Data shown:
_ _ _ _ _ _ _

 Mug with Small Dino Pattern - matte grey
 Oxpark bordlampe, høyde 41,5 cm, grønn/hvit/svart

_ _ _ _ _ _ _

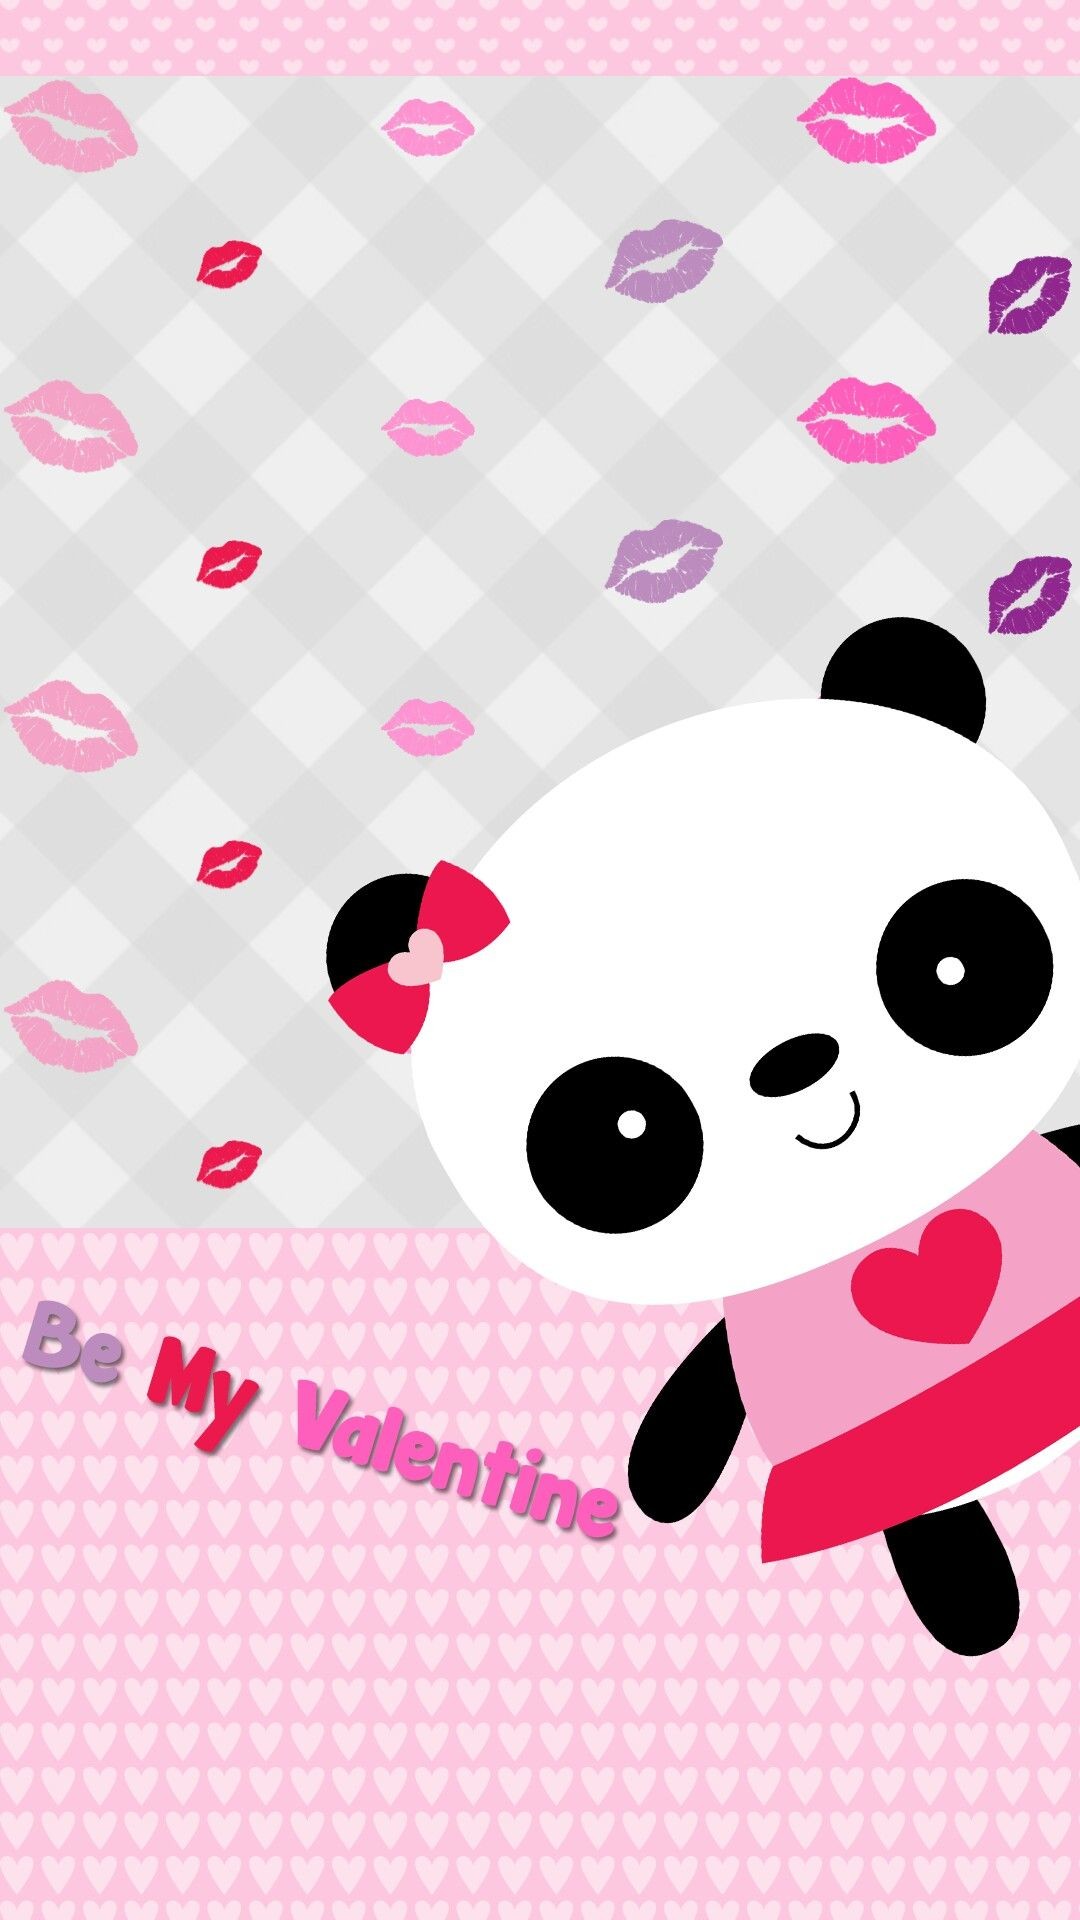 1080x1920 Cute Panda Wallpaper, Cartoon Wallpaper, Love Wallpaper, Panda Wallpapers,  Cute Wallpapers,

_ _ _ _ _ _ _

Your assignment: Here the output must be the lines above from the line with "Mug with Small Dino Pattern - matte grey" to the line with "Oxpark bordlampe, høyde", both included, duplicated word for word and nothing else.

Response:
 Mug with Small Dino Pattern - matte grey
 Oxpark bordlampe, høyde 41,5 cm, grønn/hvit/svart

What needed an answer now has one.